Ho scelto di andare a L’Aquila soltanto un mese dopo la notte del terremoto. Ho deciso così per un senso di pudore e di rispetto verso le persone che stavano vivendo sulla loro pelle quel dramma.
Non sono un fotografo di news – un fotografo, cioè, che si fa carico di raccontare l’immediatezza di un accadimento – e ho temuto che la mia presenza sin dai primi momenti dell’emergenza fosse inutile, se non addirittura di intralcio verso chi stava lavorando per portare i primi soccorsi.
Arrivare in un secondo momento mi ha anche permesso di cogliere quei segni nel territorio che sembrano quasi trasformare in normalità la tragedia. Transenne, tubi innocenti, barriere di legno e di ferro a delimitare aree pericolanti e cumuli di macerie, perdono il loro significato di precarietà e diventano parte integrante del paesaggio, dando un sapore plasticamente definitivo alla distruzione accaduta.
Alle volte gli stessi abitanti diventano artefici di piccoli miracoli di normalità, con un tavolino, delle sedie di plastica e qualche piantina a fare salotto lungo il ciglio di un marciapiede. Testimonianza precaria del bisogno di riappropriarsi di spazi e di pezzi di vita.
Abituato a cercare piccoli segni sparsi qua e là nel paesaggio che siano indicatori dei cambiamenti, trovarmi al cospetto di una così enorme disfatta è stato professionalmente complesso e difficilissimo da affrontare sul piano emotivo. Troppo vasta la misura della distruzione, troppo profonda la ferita nel territorio perché si possa davvero riuscire a raccontare con delle foto.
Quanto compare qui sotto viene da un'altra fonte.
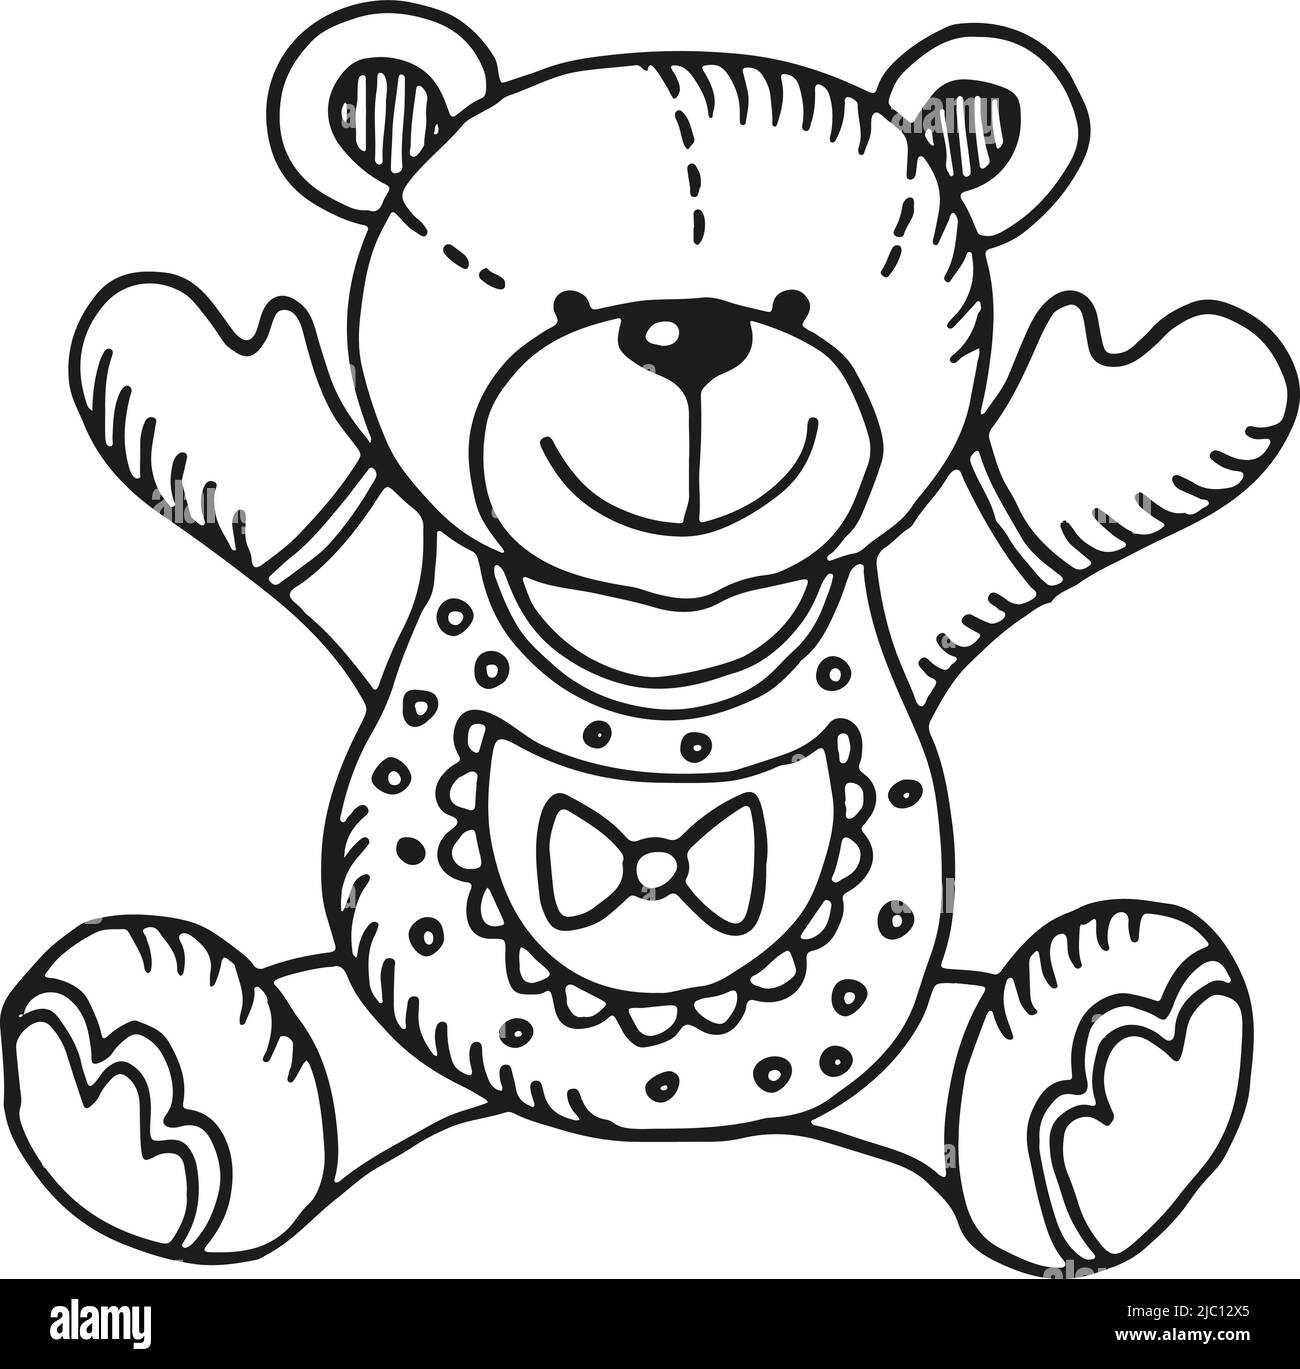 Teddy bear icon. Hand drawn soft toy Stock Vector

L’autore. Massimo Siragusa è nato a Catania nel 1958 e lavora come fotografo professionista. Vive a Roma dove insegna allo Ied (Istituto europeo di design). Ha esposto in numerosi musei e gallerie in Italia e all’estero tra cui Polka Galerie a Parigi, Forma Galleria di Milano, Museo di Roma in Trastevere, Auditorium Parco della Musica di Roma e Galleria del Cembalo di Roma. Nell’ambito dei lavori di corporate industriale, ha collaborato con aziende quali Eni, Aeroporti di Milano, Bosch, A2A, Autostrada Pedemontana, MyChef, Versace, Bisazza, Kartel, Conad, Unipol Banca. Le sue fotografie sono state pubblicate in tutte le più importanti riviste internazionali. Ha vinto numerosi premi internazionali tra cui quattro World Press Photo (nel 1997, 1999, 2008, 2009) e tre Sony Awards. Ha pubblicato vari libri tra cui “Il Vaticano”, “il Cerchio Magico”, “Credi” e “Teatro d’Italia”.
Il progetto “Lo stato delle cose” è interamente autofinanziato e reso possibile dalla spontanea partecipazione di fotografi e autori nonché dalla collaborazione e dal supporto, non economico, degli enti locali, istituzioni, associazioni e società che ne hanno condiviso gli intenti documentari.